TASK ITEM.
When you reach the line containing "image 12 - Appartement", please repeat it and every line after it exactly, through the end of the listing below, skipping pictures.

DATA SECTION.
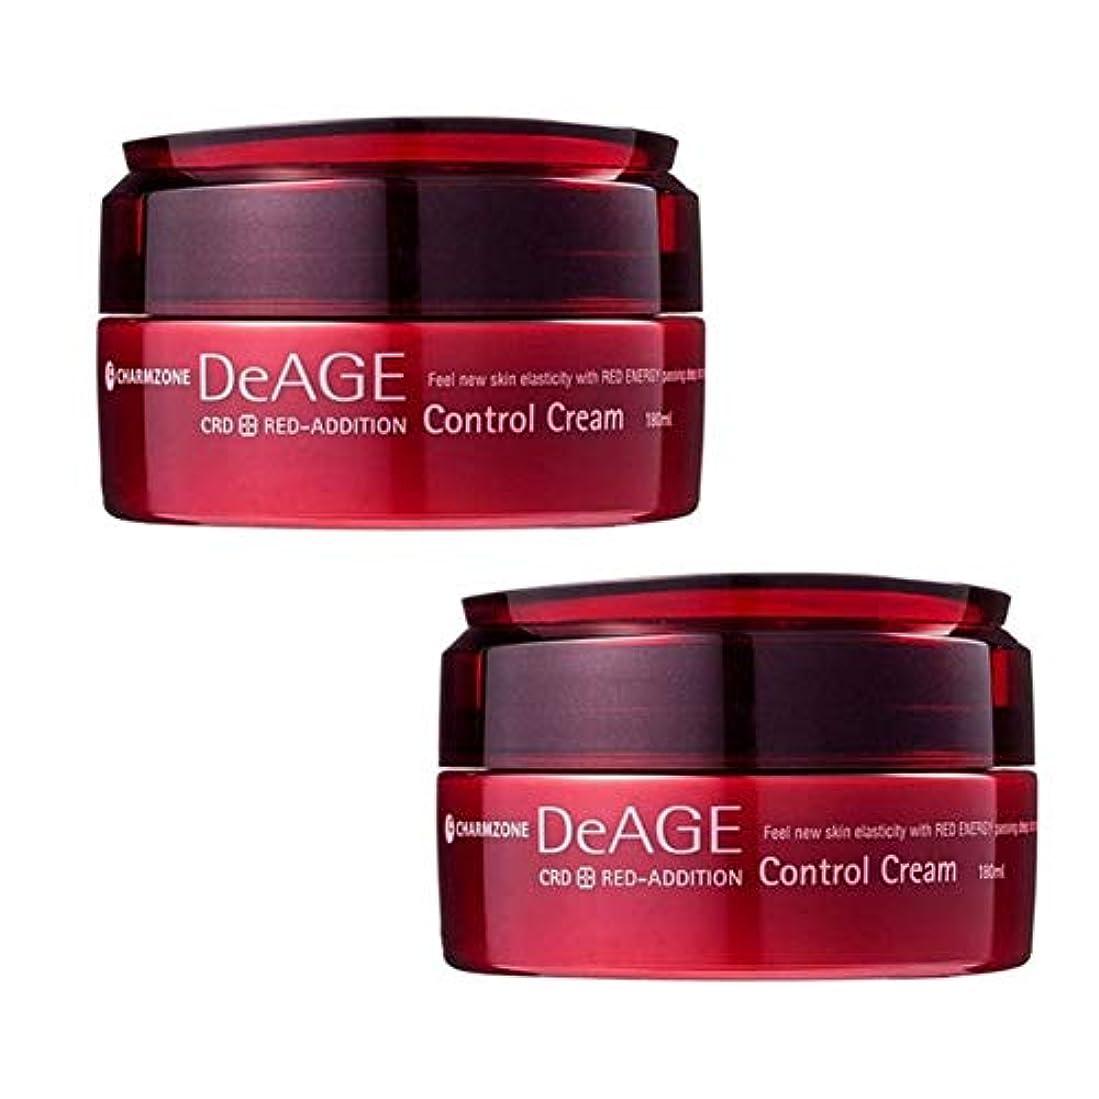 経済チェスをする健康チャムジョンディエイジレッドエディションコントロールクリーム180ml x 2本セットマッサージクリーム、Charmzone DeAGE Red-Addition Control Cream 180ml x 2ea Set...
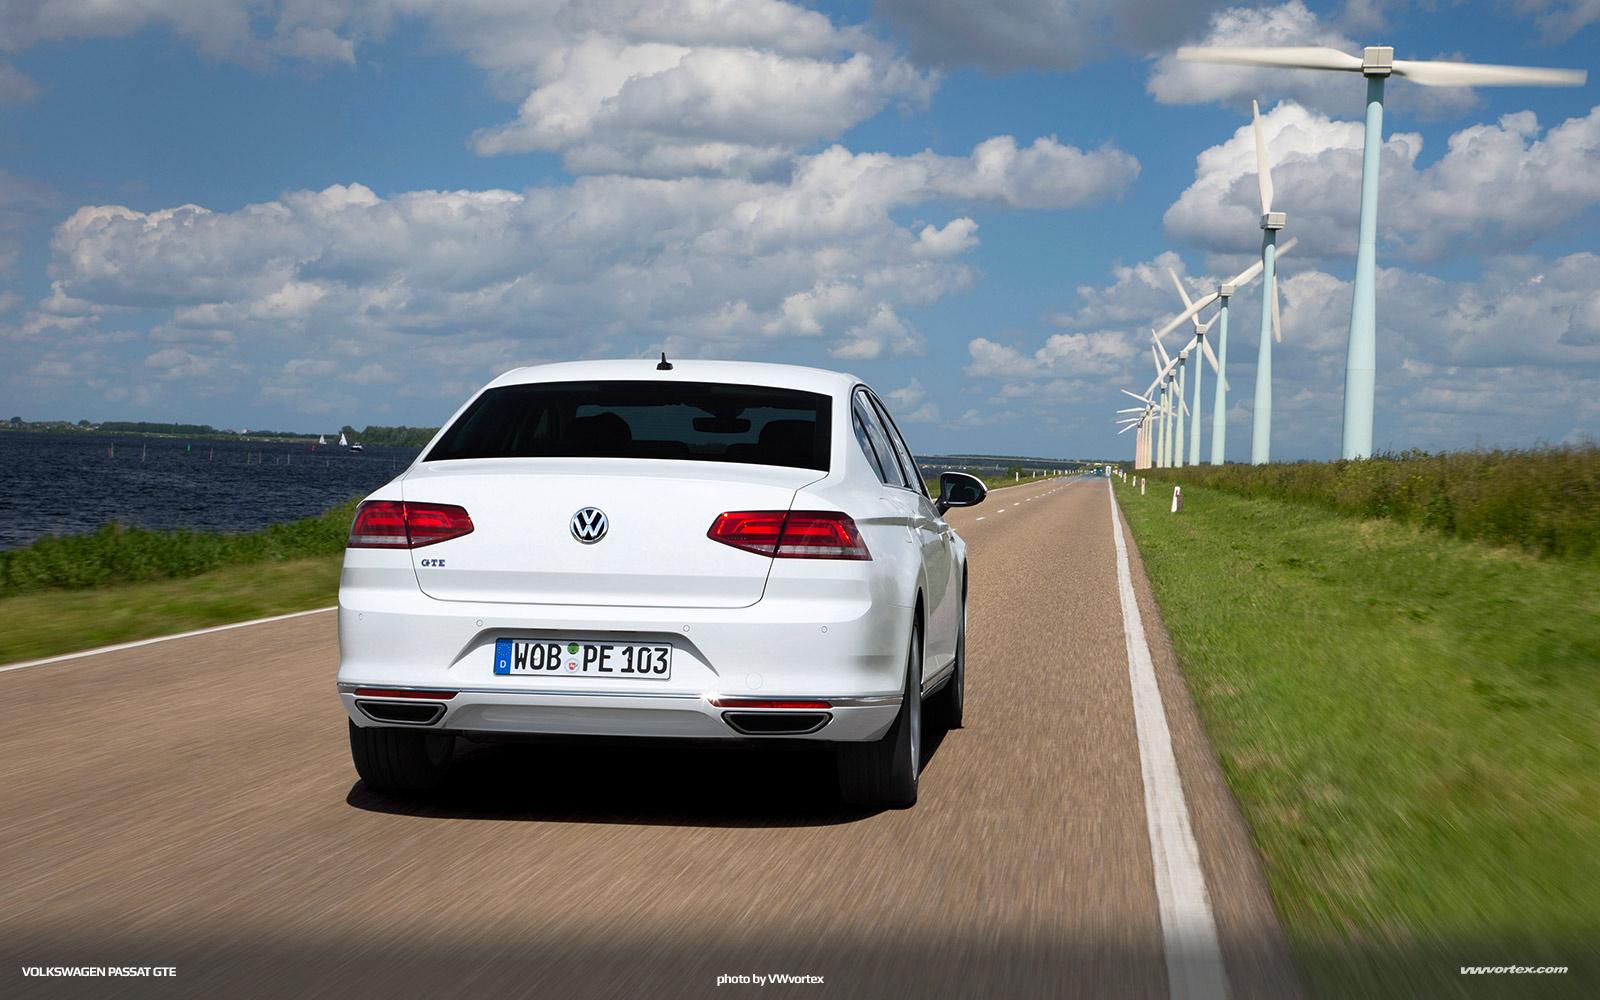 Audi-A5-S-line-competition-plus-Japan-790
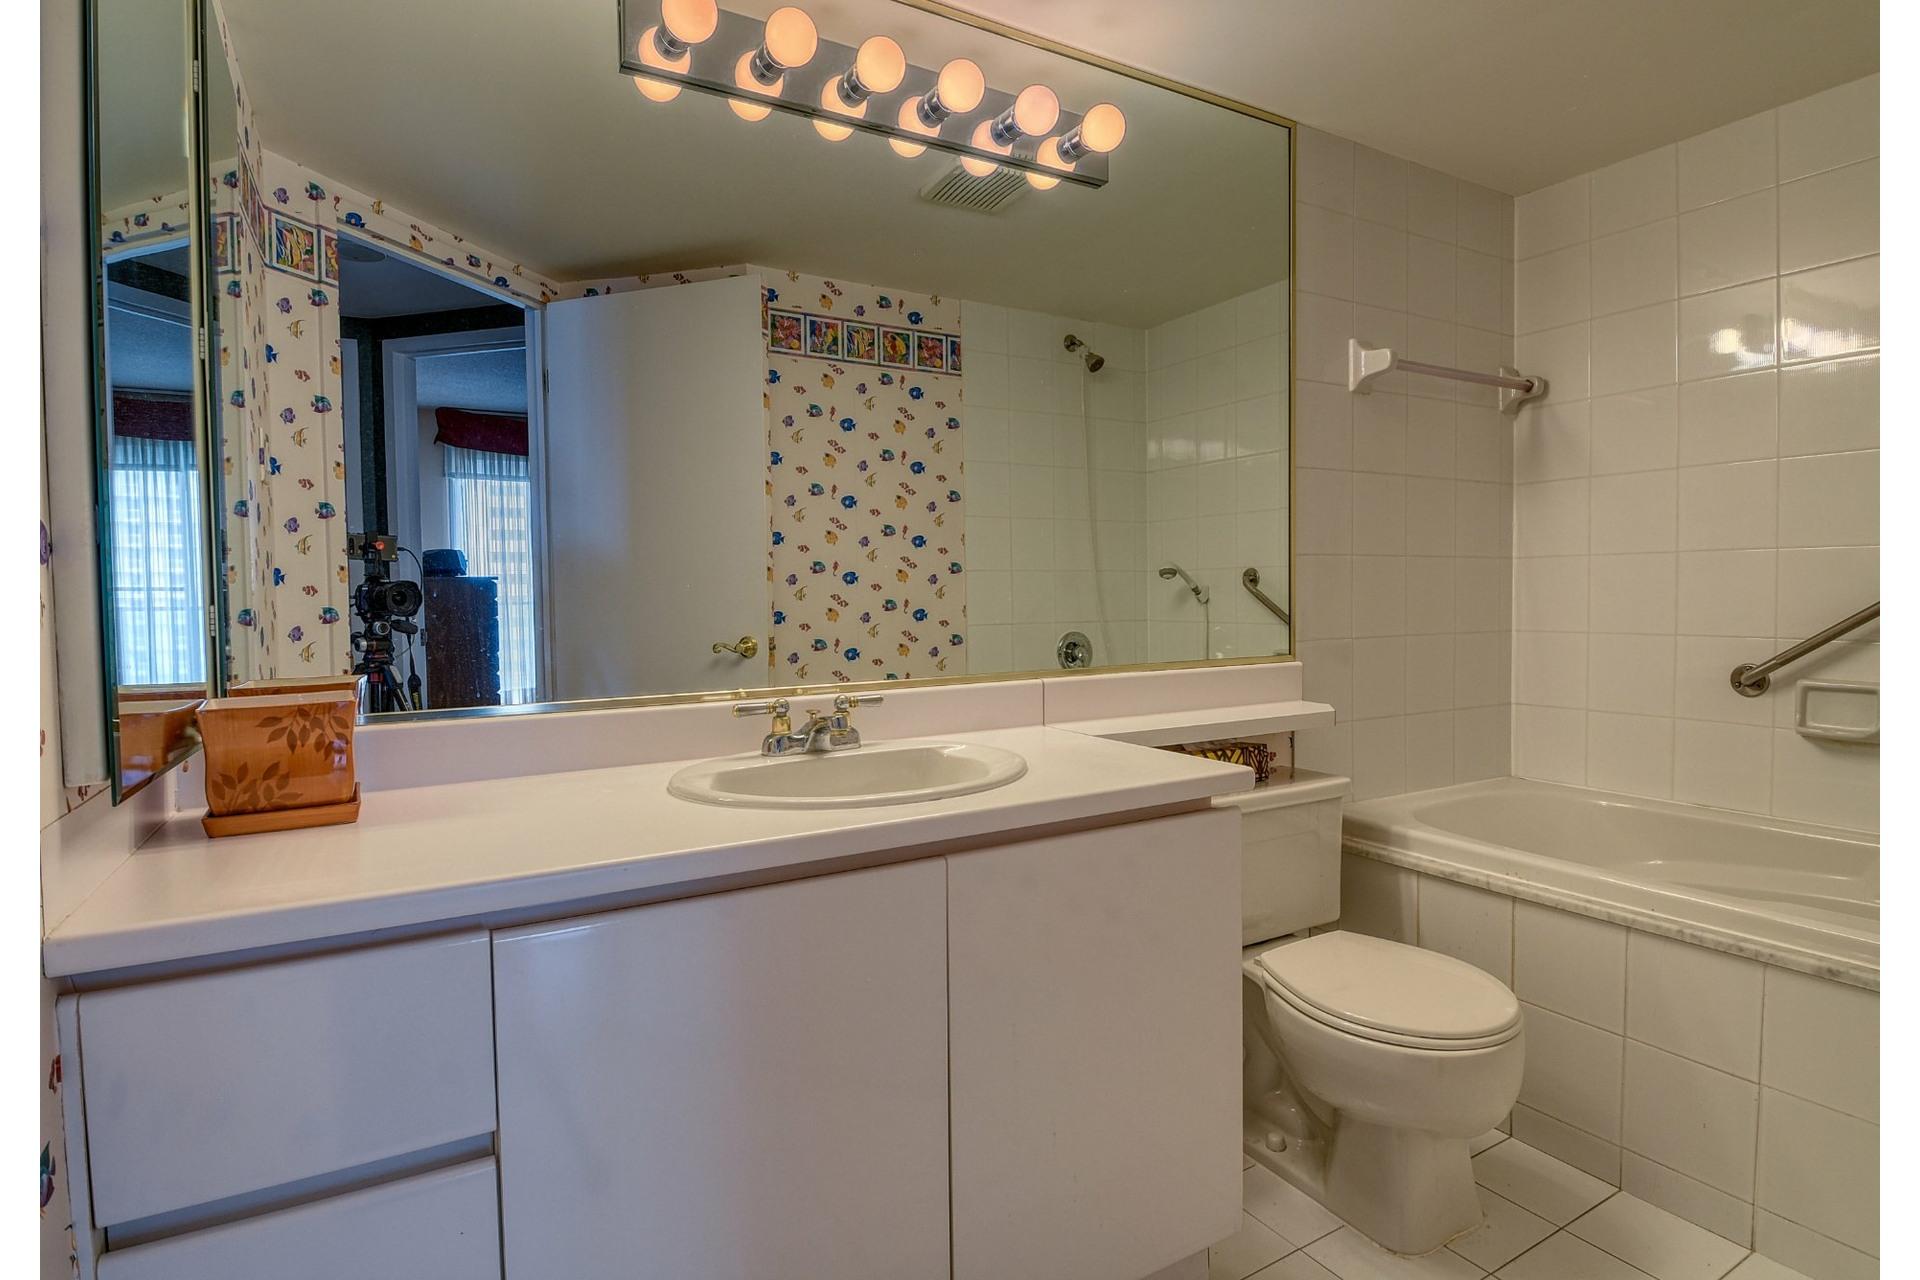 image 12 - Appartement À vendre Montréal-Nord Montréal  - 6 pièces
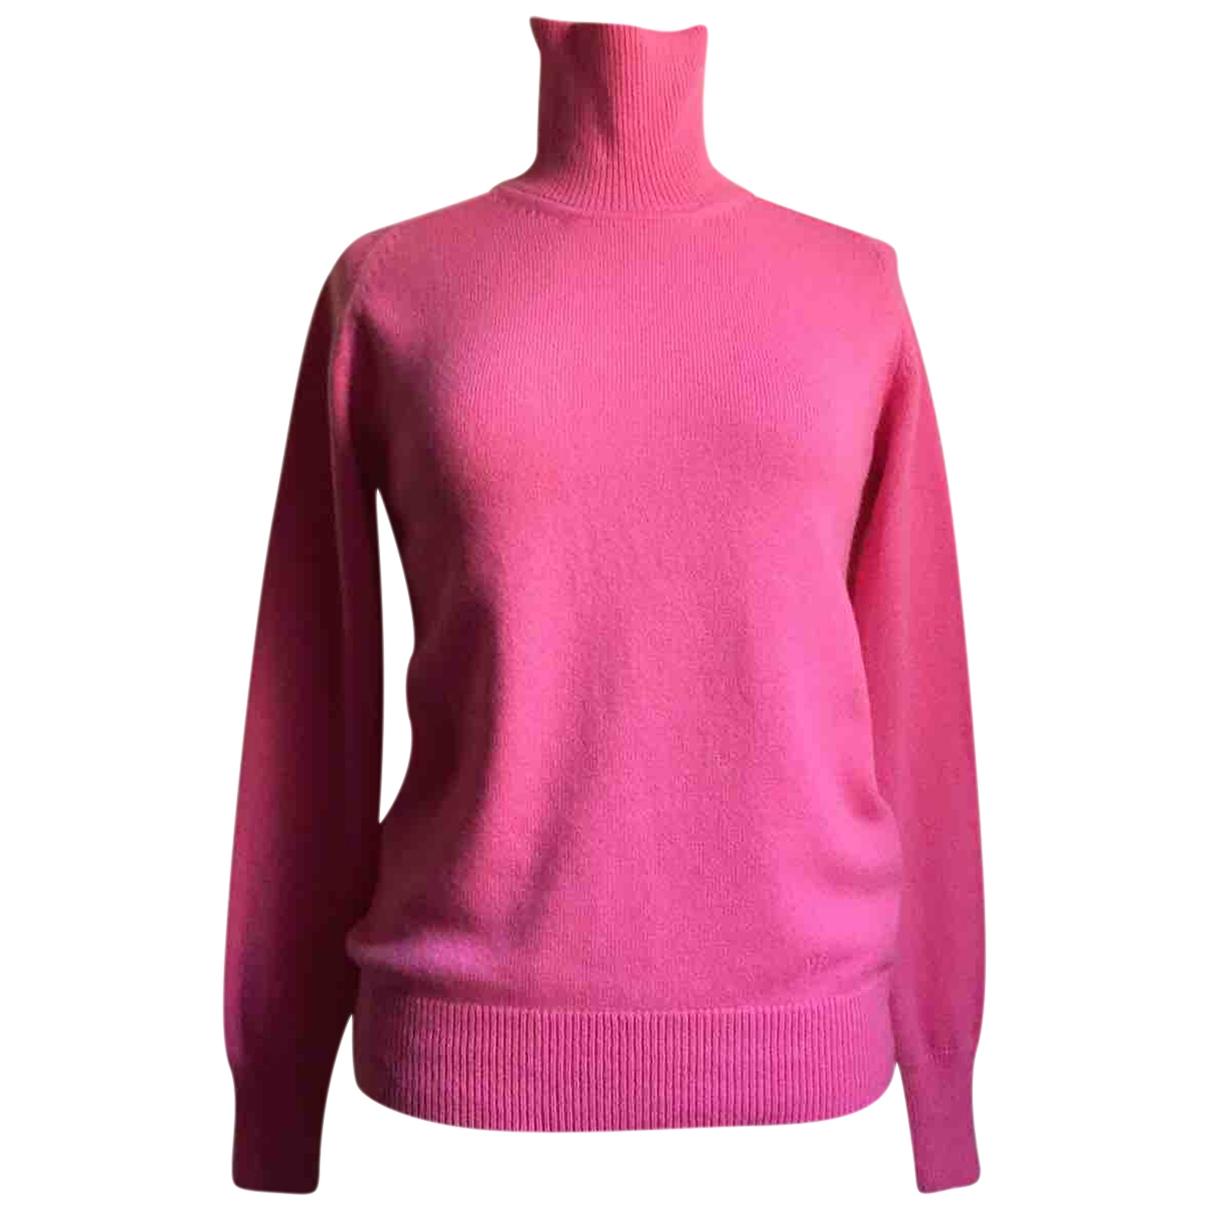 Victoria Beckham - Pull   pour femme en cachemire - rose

TASK RESULT.
 image 12 - Appartement À vendre Montréal-Nord Montréal  - 6 pièces
 Victoria Beckham - Pull   pour femme en cachemire - rose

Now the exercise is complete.